How many joules would be required to raise the temperature of 20g of ice at oC to water at15C?
Q1= rm=330000 x 0.02 = …
Q2=cm(T2-T1)=4180 x 0.02 x 15 = ...
Q= Q1 +Q2 = …
To answer this question, you need to calculate the total heat energy required to raise the temperature of the ice from 0°C to water at 0°C and then further raise it to 15°C.
To calculate the heat energy, you can use the specific heat capacity (C) of ice and water, along with the formula:
Q = m × C × ΔT
where:
Q is the heat energy (in joules),
m is the mass (in grams),
C is the specific heat capacity (in J/g°C), and
ΔT is the change in temperature (in °C).
First, calculate the heat energy required to raise the temperature of the ice from 0°C to 0°C (melting point of ice):
Q1 = m × Cice × ΔT1
Since the temperature is constant, ΔT1 = 0, so the heat energy required to melt the ice is 0.
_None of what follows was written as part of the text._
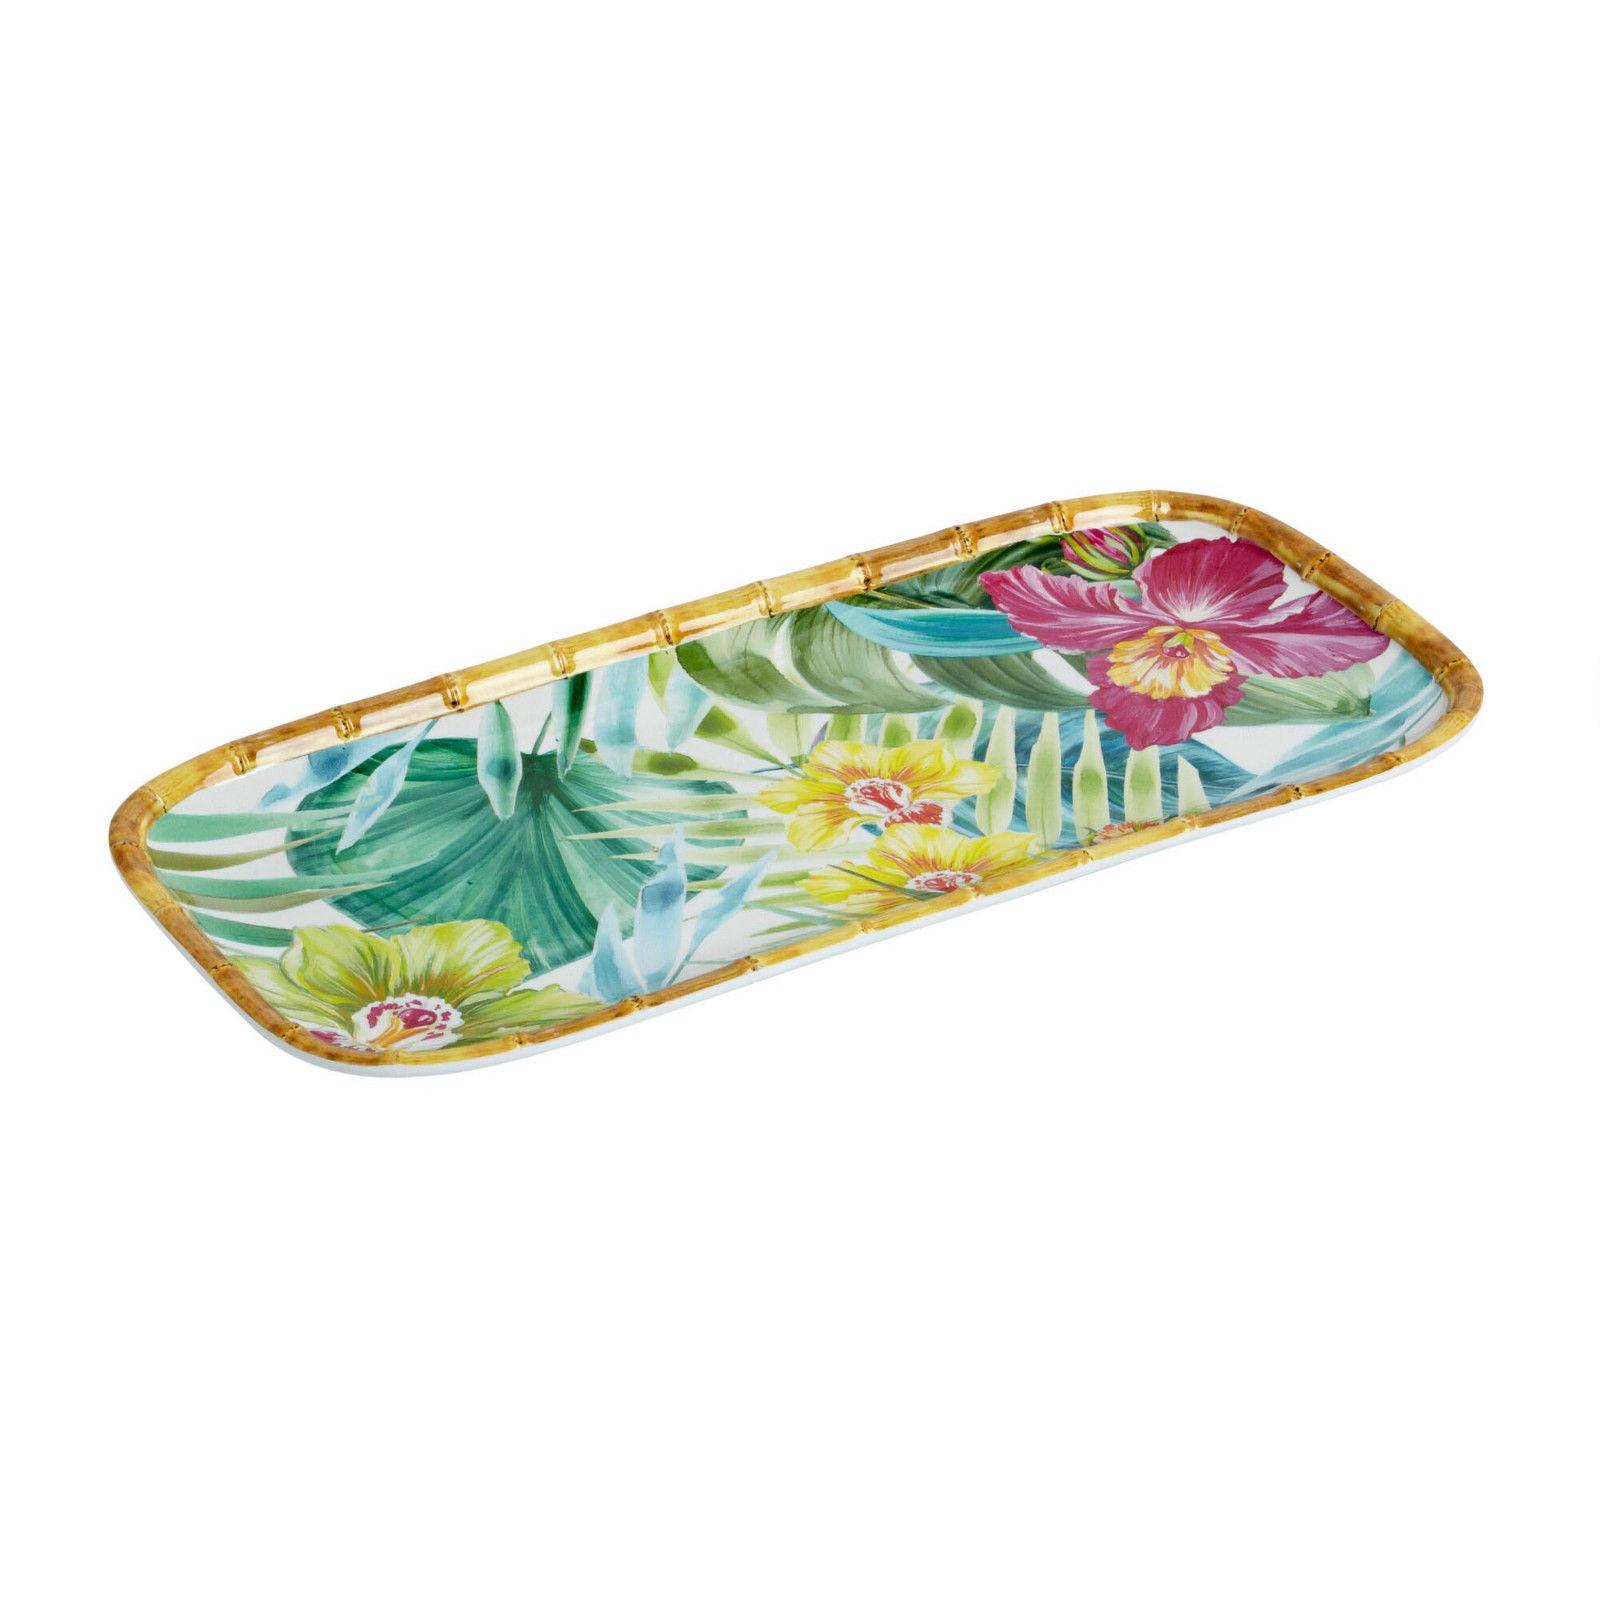 "Maui Melamine Serving Platter Tray 6.75""x14.75"" Coastal Living Beach House"

Next, calculate the heat energy required to raise the temperature of the ice (now water) from 0°C to 15°C:
Q2 = m × Cwater × ΔT2
Given:
m (mass of ice) = 20g
Cice (specific heat capacity of ice) = 2.09 J/g°C
Cwater (specific heat capacity of water) = 4.18 J/g°C
ΔT2 (change in temperature) = 15°C
Substituting the values into the equation:
Q2 = 20g × 4.18 J/g°C × 15°C
Q2 ≈ 1254 joules
Therefore, it would require approximately 1254 joules of heat energy to raise the temperature of 20g of ice at 0°C to water at 15°C.